TASK STATEMENT: Skip every image and restate the data word for word.

MATERIAL PROVIDED:

════════

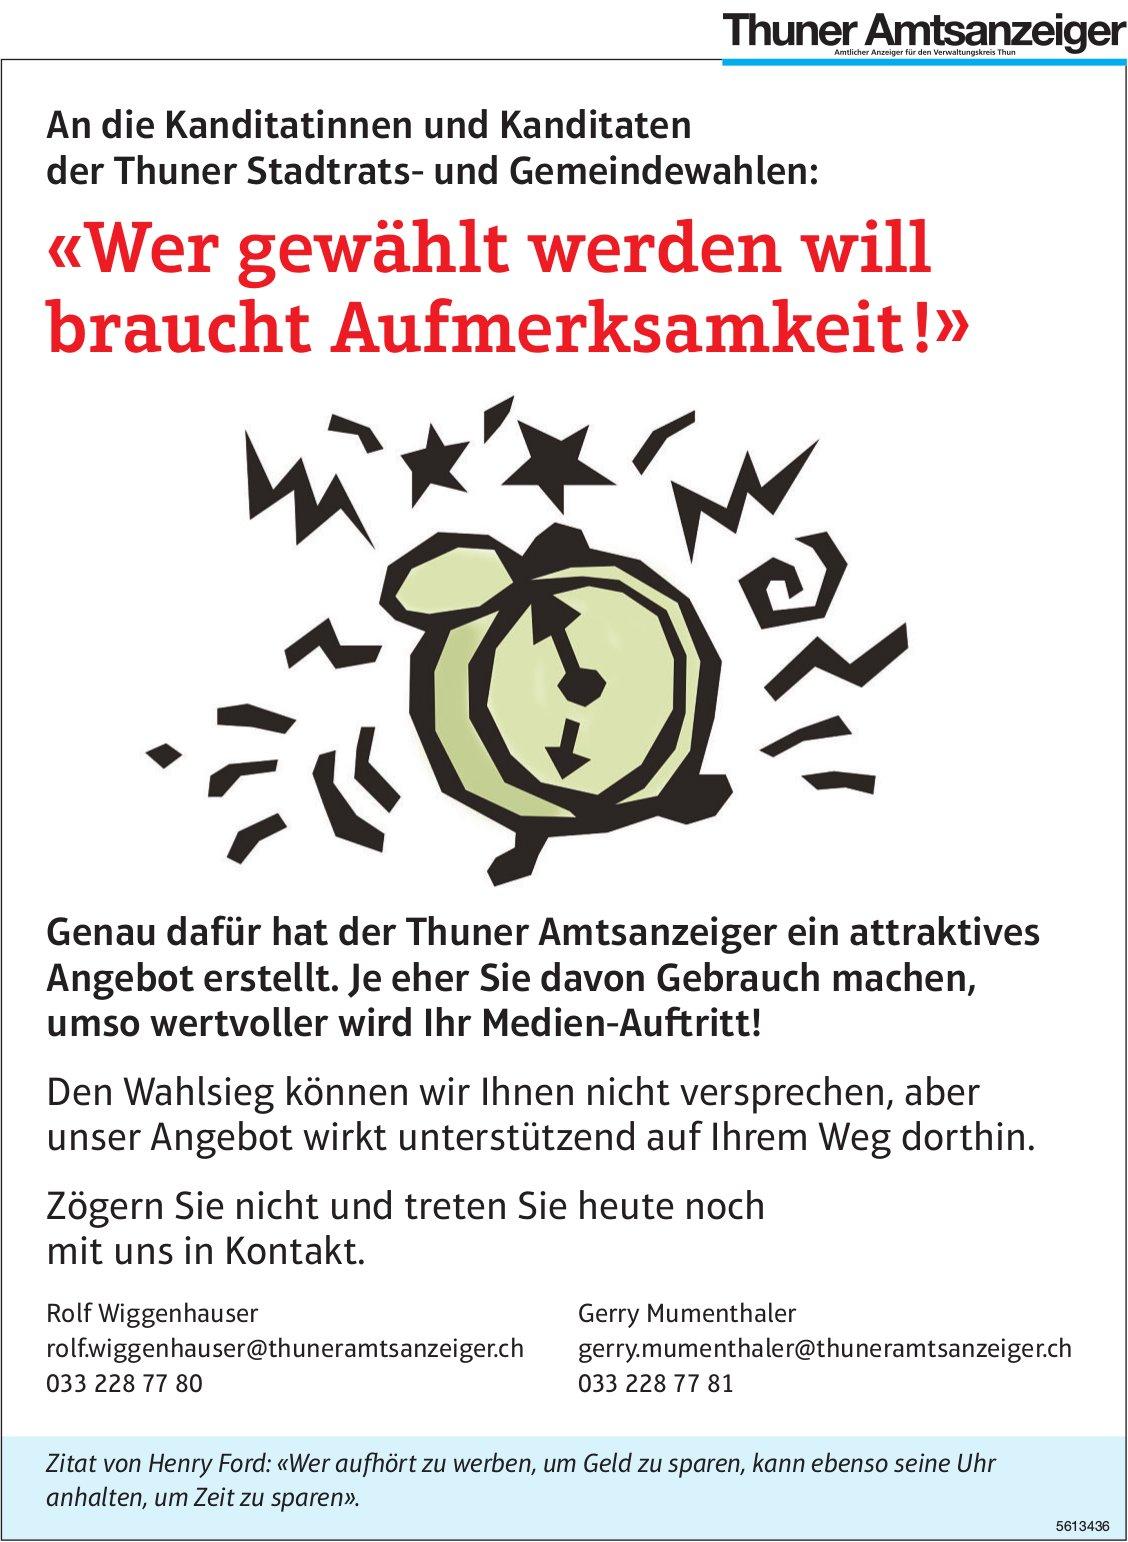 «Wer gewählt werden will braucht Aufmerksamkeit!» Der Thuner Amtsanzeiger hat ein Angebot erstellt
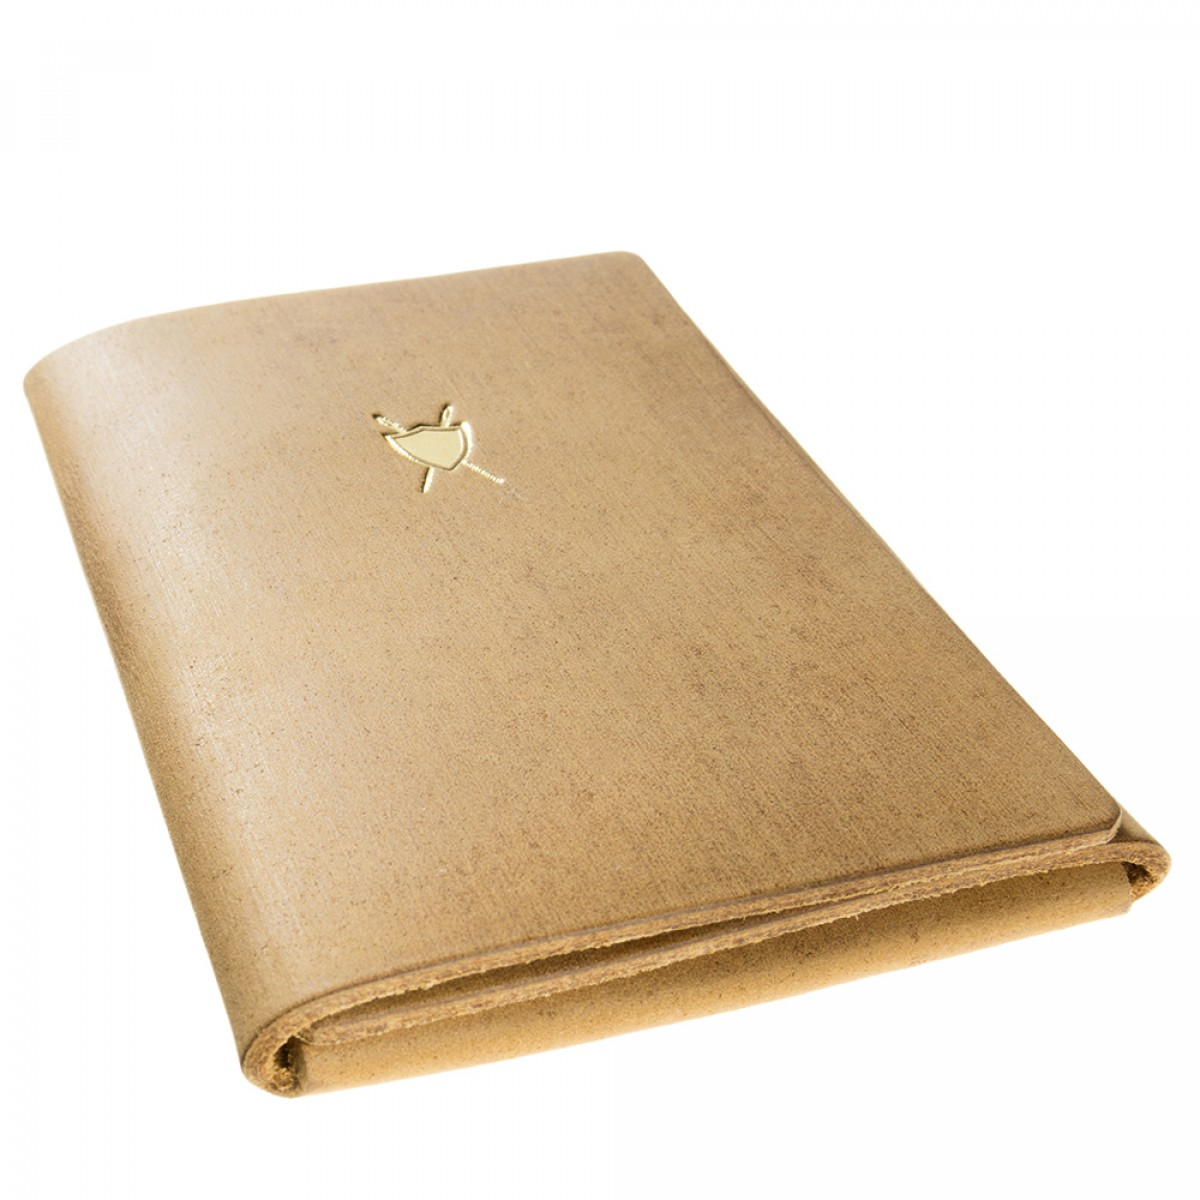 LIEBHARDT - Portemonnaie / Kreditkartenetui, Geldbörse aus pflanzlich gegerbtem Leder mit Kartenfach (braun)
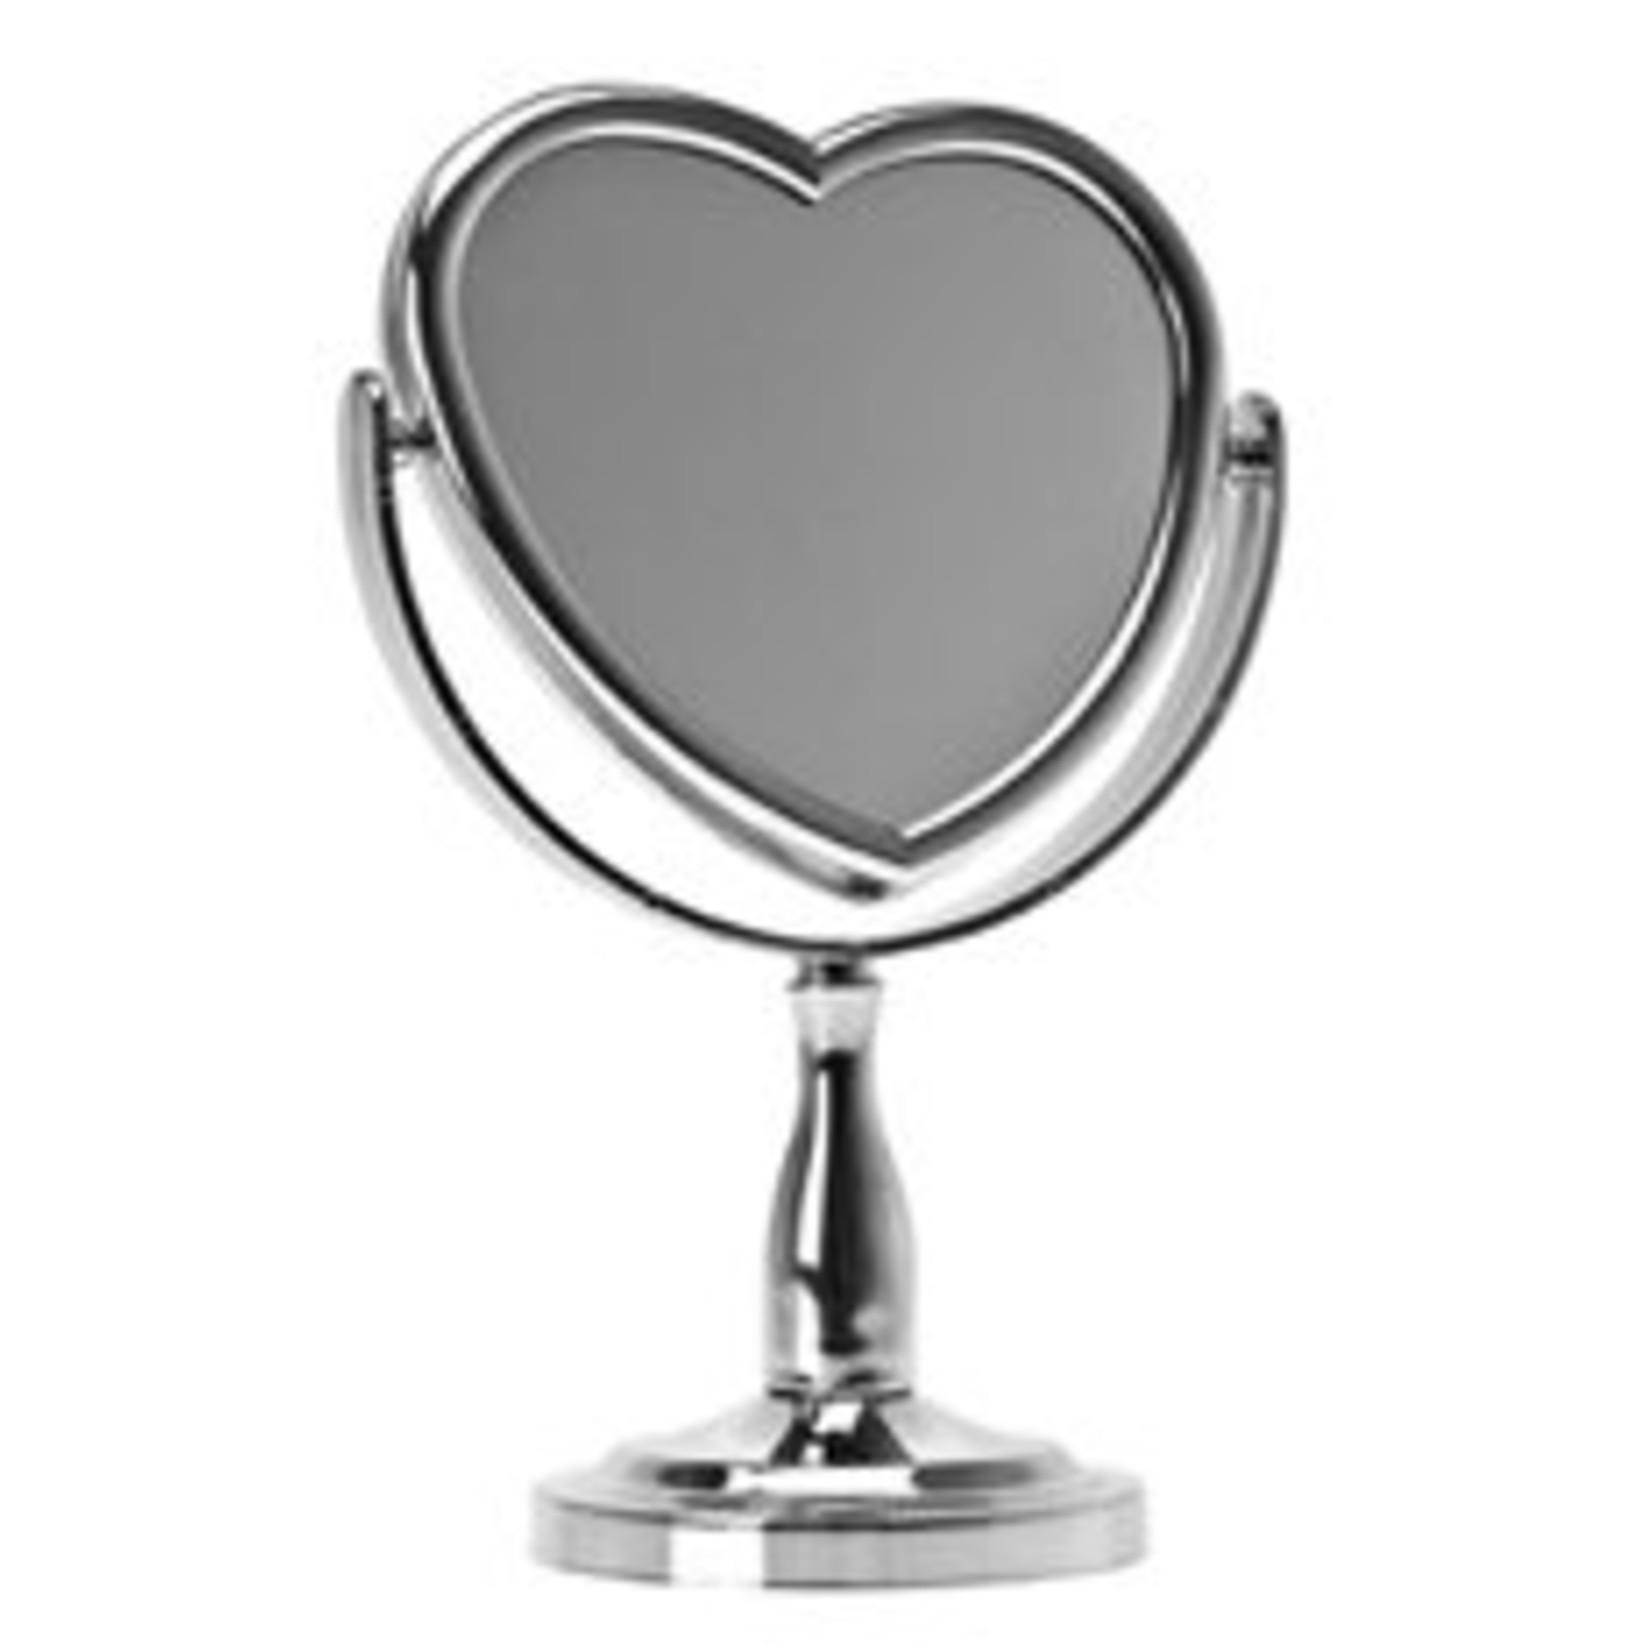 Hart spiegel staand chrome. Hoogte 26cm.

════════

EXERCISE OUTPUT:
 «Wer gewählt werden will braucht Aufmerksamkeit!» Der Thuner Amtsanzeiger hat ein Angebot erstellt
 LIEBHARDT - Portemonnaie / Kreditkartenetui, Geldbörse aus pflanzlich gegerbtem Leder mit Kartenfach (braun)
 Hart spiegel staand chrome. Hoogte 26cm.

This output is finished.